**Source data:**
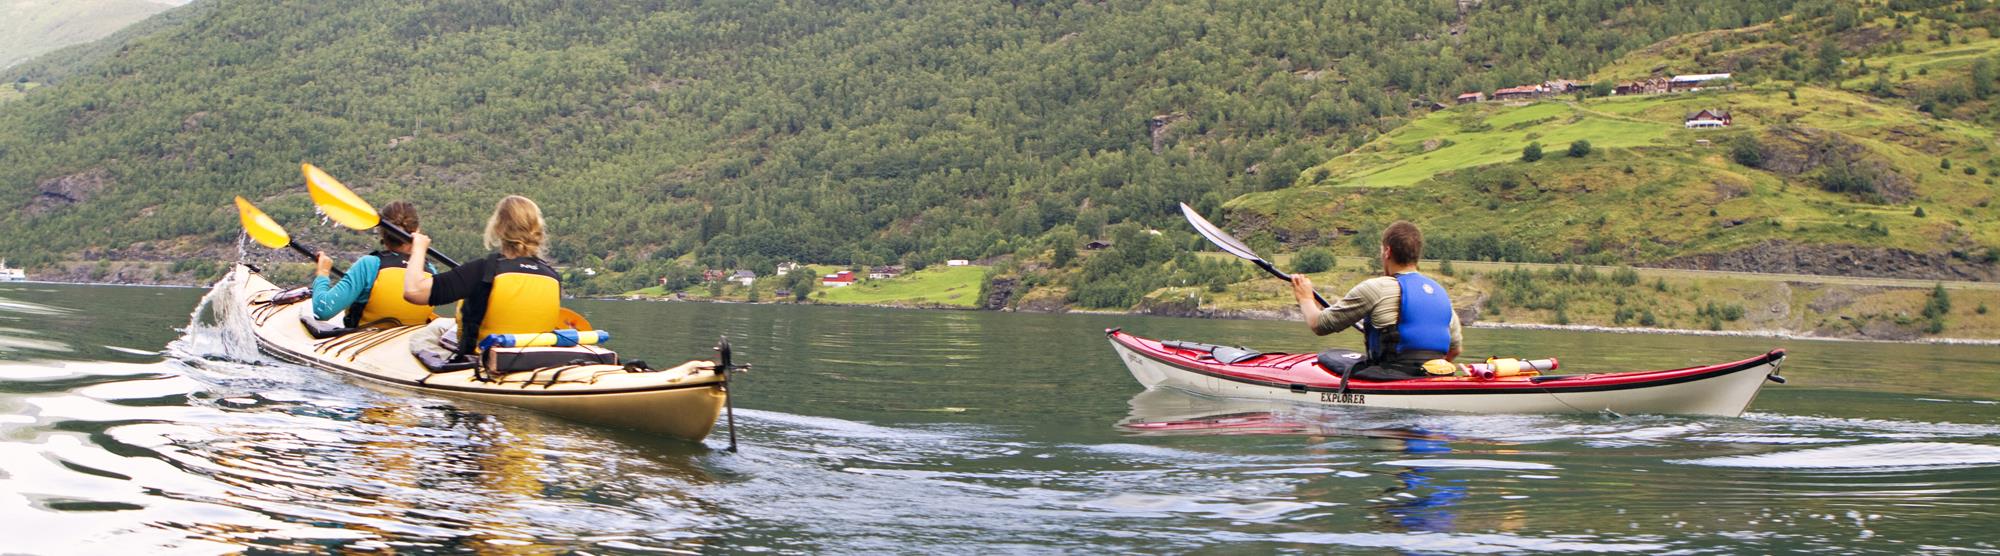 Kayaking in the fjords
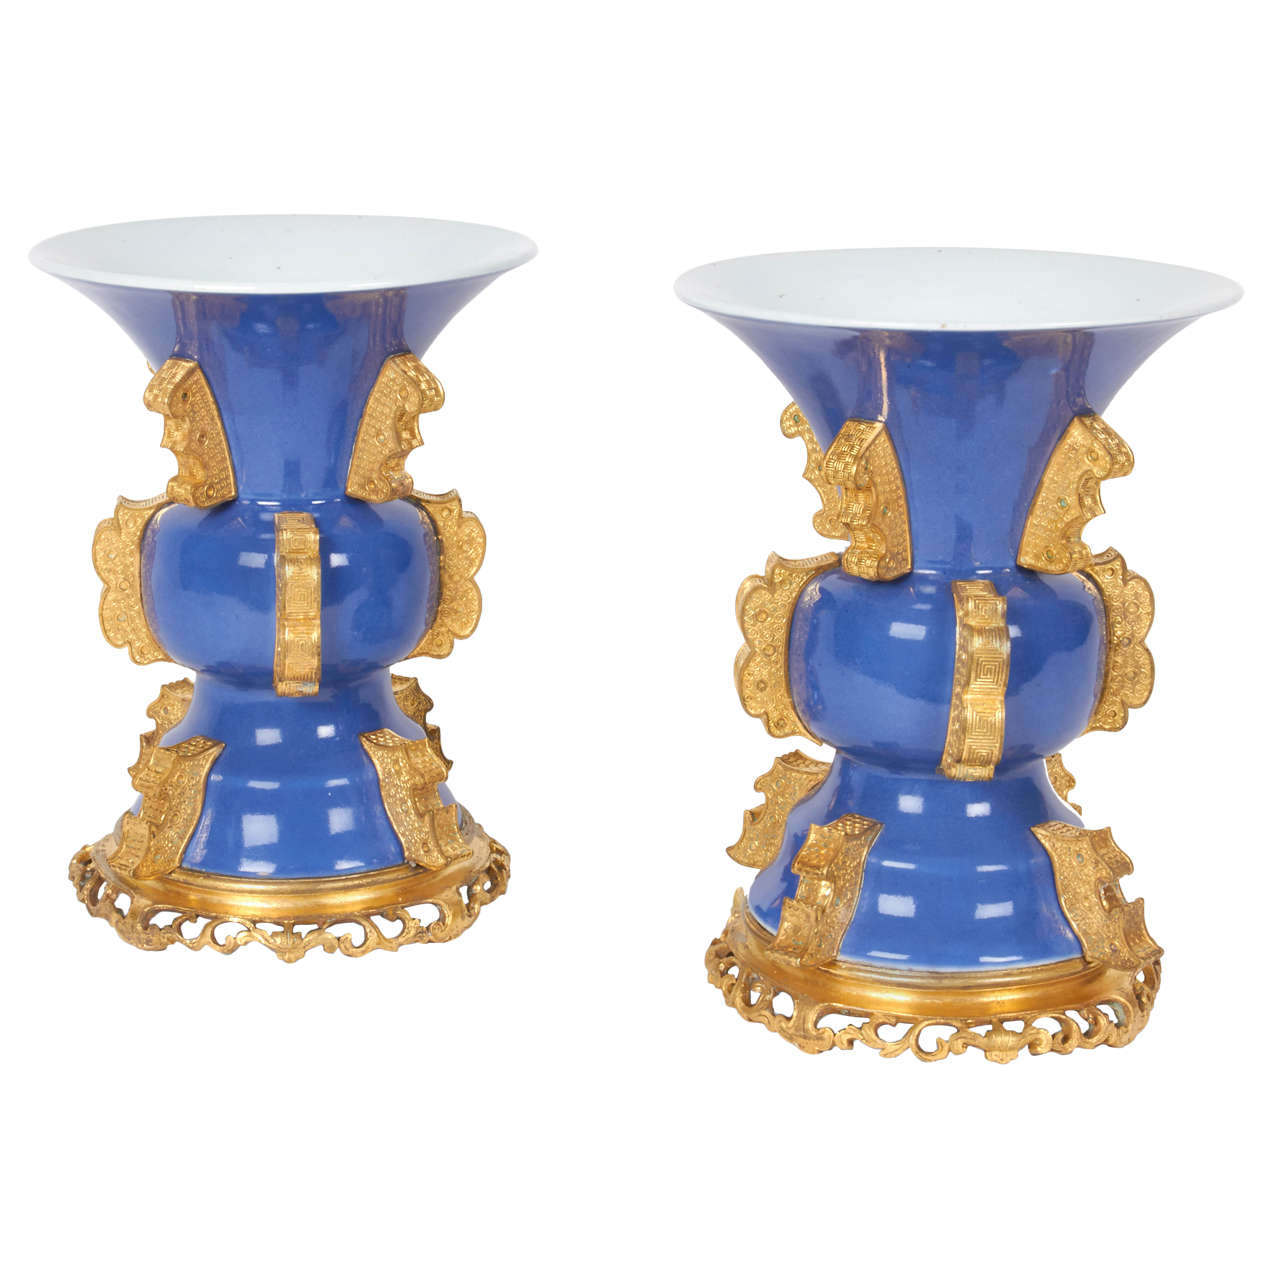 Pair of Chinese Blue Poudre Porcelain and Ormolu Vases in the Archaic Style
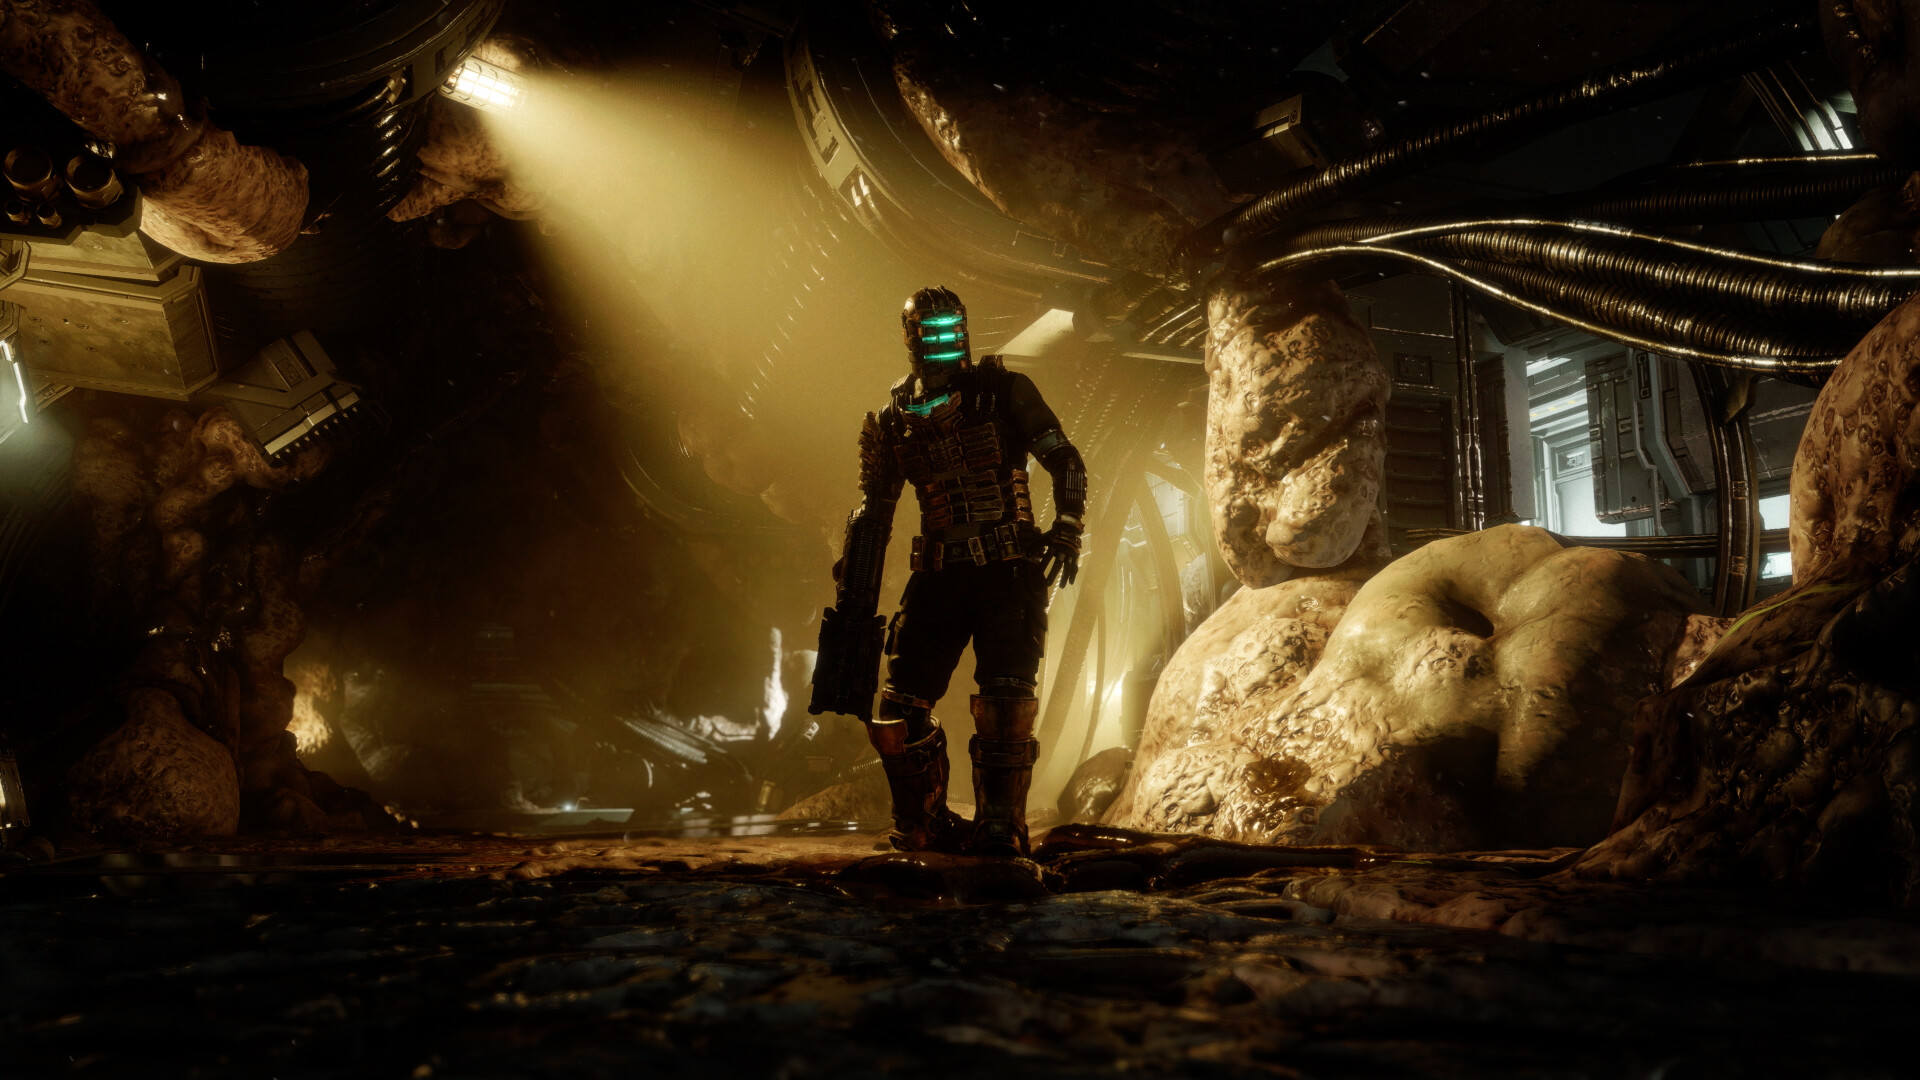 Undead ahead! 7 tips for getting the most out of 'Dead Space 3

**Task description:**
The job is to set down the whole listing exactly, excluding any images.

**Finished exercise:**
 Kayaking in the fjords
 Pair of Chinese Blue Poudre Porcelain and Ormolu Vases in the Archaic Style
 Undead ahead! 7 tips for getting the most out of 'Dead Space 3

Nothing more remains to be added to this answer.